The salt is the experiment identifier. Changing it rotates all assignments, giving you a clean experiment start without changing any other code.

Session-level evals catch what turn-level evals miss. A prompt might produce good individual responses but fail to maintain context across a conversation. Track both.

Prompt Hub version IDs make the history auditable. When you look at a trace from three weeks ago, you can see exactly which prompt version produced that response — not just which variant label it was tagged with.

Where this falls short: the feedback loop we actually want

The setup above works. But using it for a week revealed a gap worth being honest about.
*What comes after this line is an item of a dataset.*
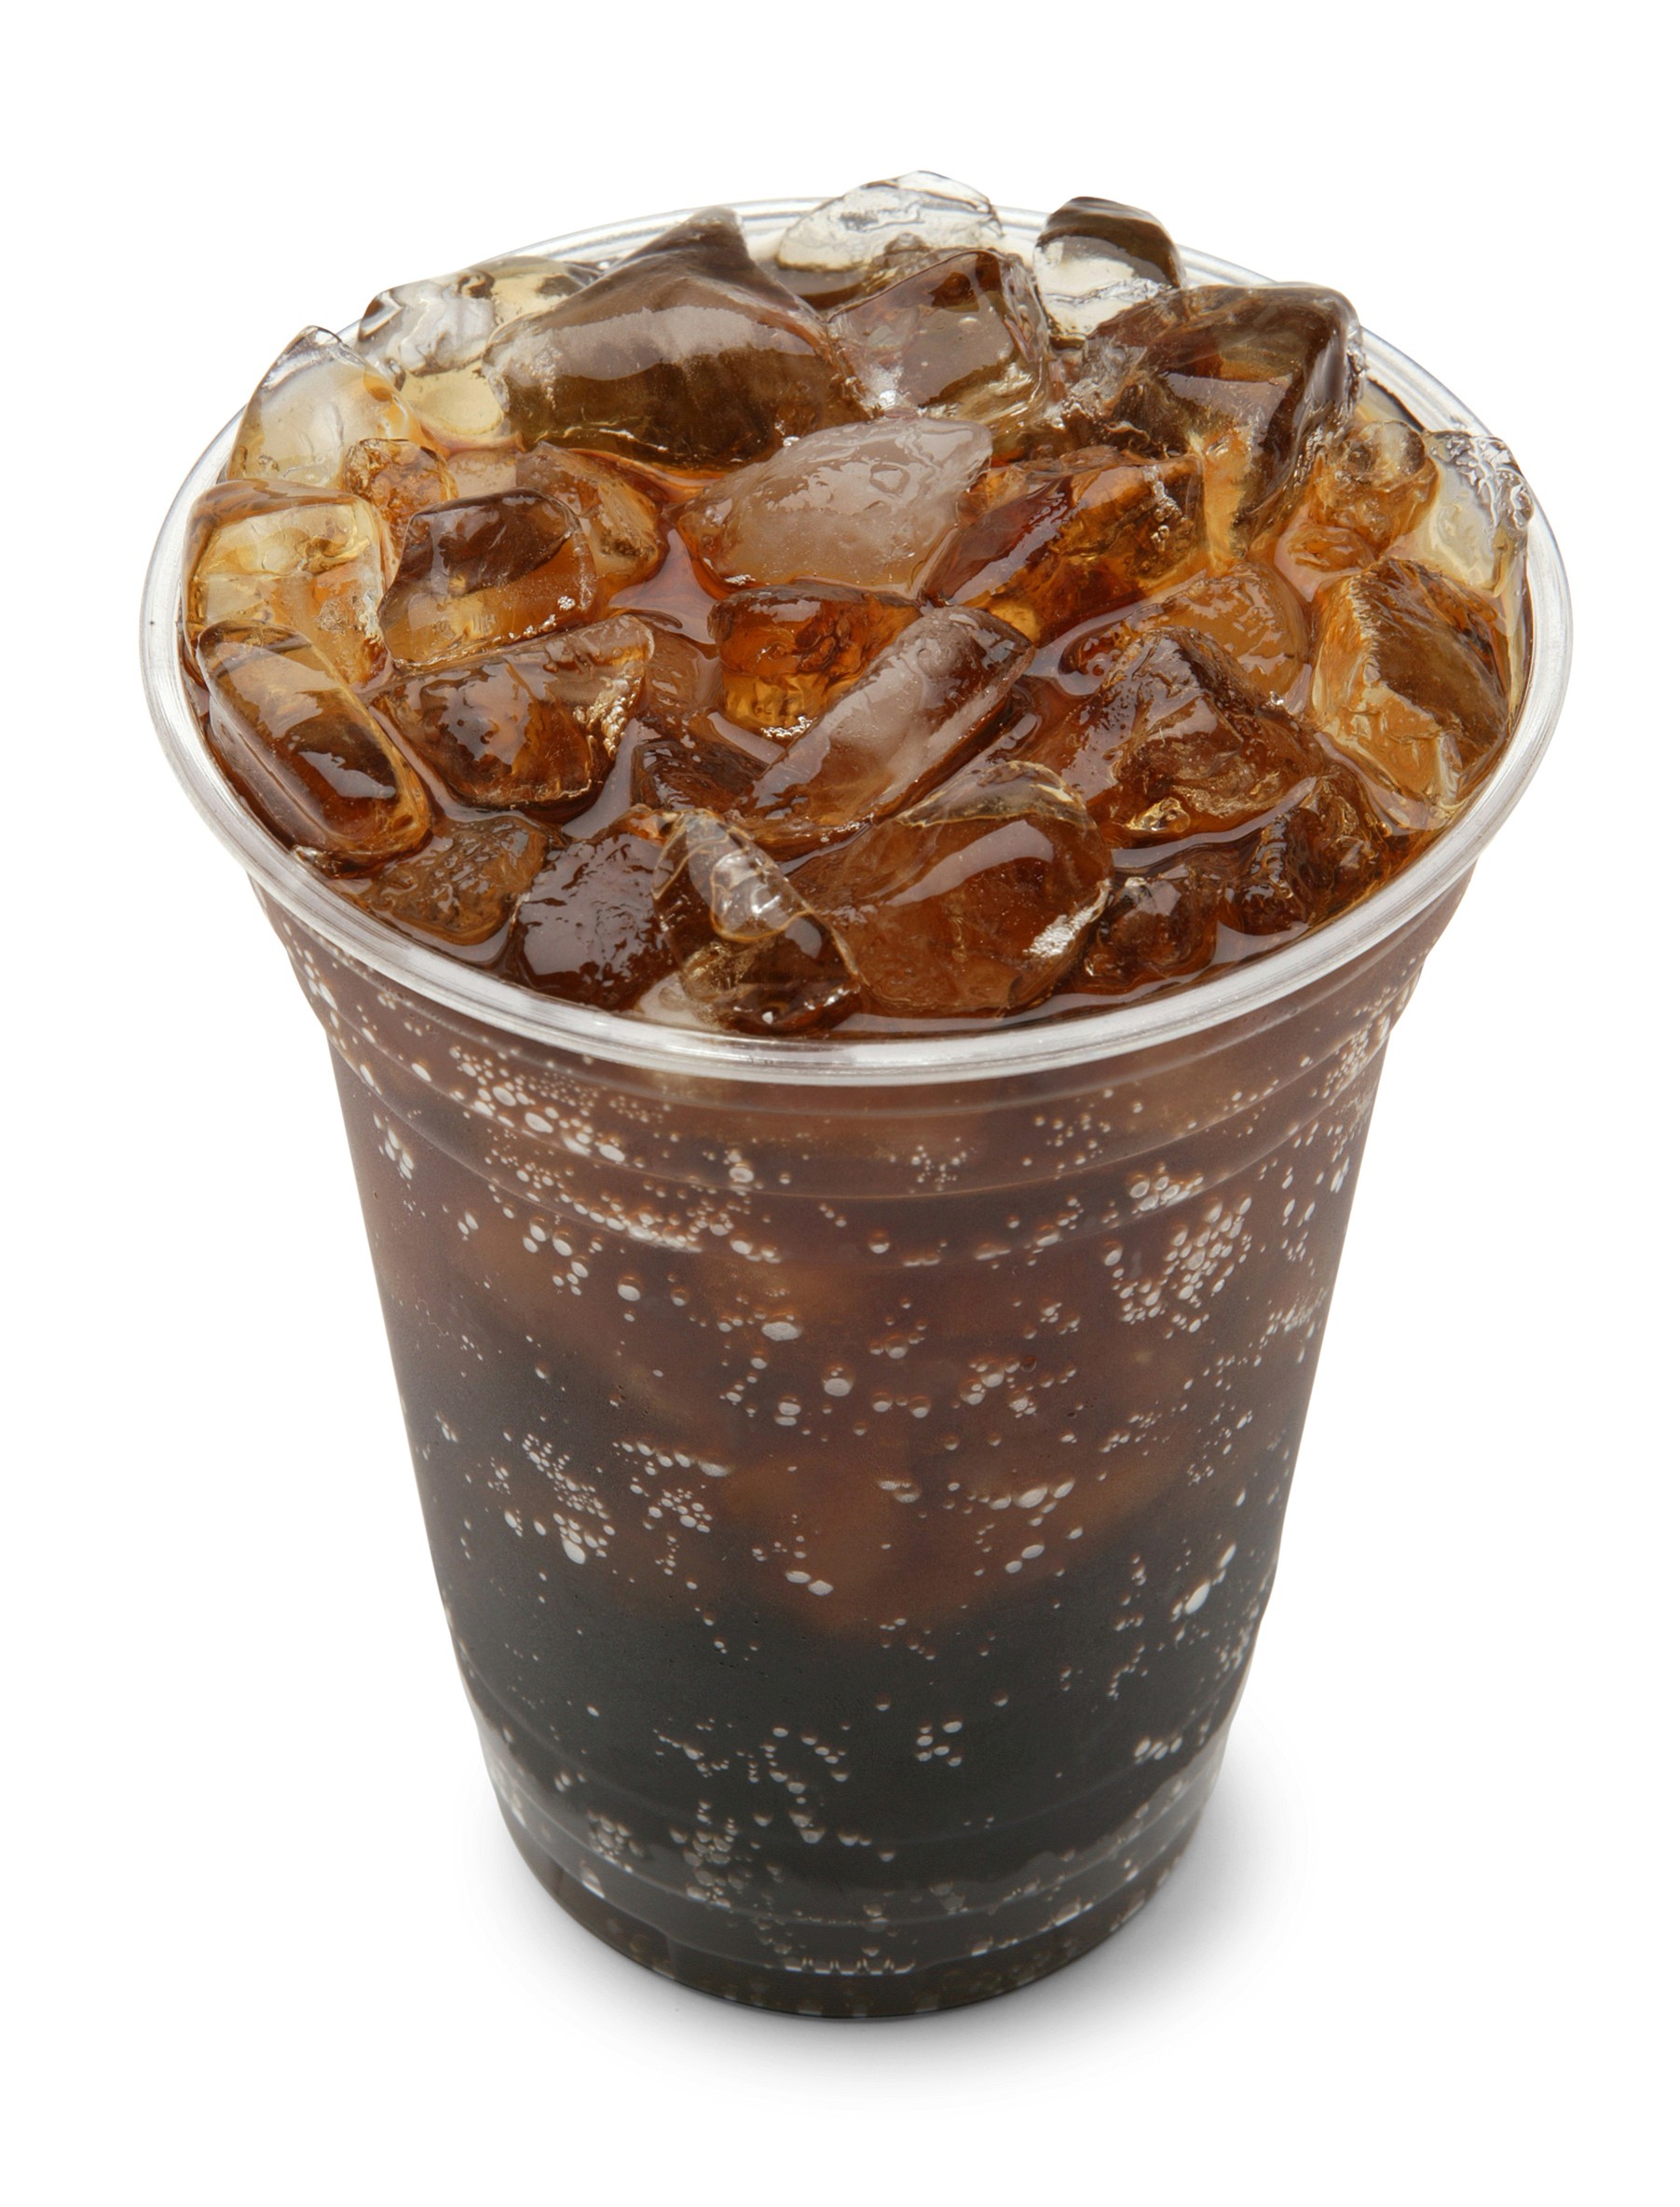 iStock
Diet soda pop may lead to more belly fat.

Here's what the failure-diagnosis loop actually looks like when something goes wrong:

Arize sees your agent failing
         ↓
Can't evaluate multi-turn context accurately
(evals score turns in isolation; tool call outputs are in child spans,
not directly visible to the session-level evaluator)
         ↓
Attributes failure to prompt (wrong diagnosis)
(Arize flags low Nutrition Advice Quality — but the real cause is that
get_nls_score returned available=false and the model ignored it,
not that the prompt was underspecified)
         ↓
Suggests prompt fix (wrong prescription)
(you tighten the "never fabricate NLS values" rule in the system prompt,
which was already there)
         ↓
Fix is stranded in the UI — no path to codebase
(you edit the prompt in Arize Prompt Hub, but now the code still has
the old version ID hardcoded — someone has to update it, re-deploy,
and remember to rotate the A/B salt)
         ↓
Even if the fix is applied — no way to verify it worked
(you can re-run the eval task against historical spans, but those
spans have the old prompt; the new prompt hasn't hit production
traffic yet, and you have no way to test it against real tool call
outputs without running live sessions)

Arize is an observability layer sitting outside the codebase. It can see what happened. It can score what happened. It can even suggest what to change. But it can't close the loop — there's no way to apply the change, run it against real data, and confirm the score improved without switching contexts.

What the end state should look like

Arize detects a failure pattern — say, 40% of spans with athlete.nls < 40 have eval.Nutrition Advice Quality = low_quality this week, up from 12% last week.

It surfaces the specific sessions where the failure occurred, with full multi-turn context. Not just the failing span, but the complete conversation: what tool calls returned, what the model was told, what it said.

A recommended prompt change is generated from that context — grounded in what the tool actually returned in those sessions, not a static reading of the prompt text in isolation. The diagnosis has to see the whole CHAIN: what the tool returned, what the model did with it, where it went wrong.

That recommended change goes directly to the codebase. Not just saved in Prompt Hub as a new version. Ideally it opens a PR or writes directly to the prompt file, with the A/B salt pre-rotated and the version ID updated.

The test runs against live traffic immediately — not against historical spans with the old prompt. The new variant gets real tool calls, real athlete data, real model outputs. The eval task scores those spans as they come in, and within hours you have a verdict: did the change actually fix the failure pattern, or did it trade one failure mode for another?

The whole cycle happens without leaving the development environment. Right now, detection and diagnosis happen in Arize, applying and verifying happen in your editor and terminal, and nothing connects them automatically. The context switch between reading traces in a browser and editing code in an IDE is where fixes get lost, half-applied, or never verified.

For a chatbot where the system prompt is the primary quality control mechanism, this matters more than it might for a simpler integration. The prompt interacts with tool call behavior, multi-turn context, and real athlete data in ways that are only visible in production traces — and the only way to know if a prompt change actually worked is to run it in production and score the results. That loop should be first-class, not something you wire together manually across three different tools.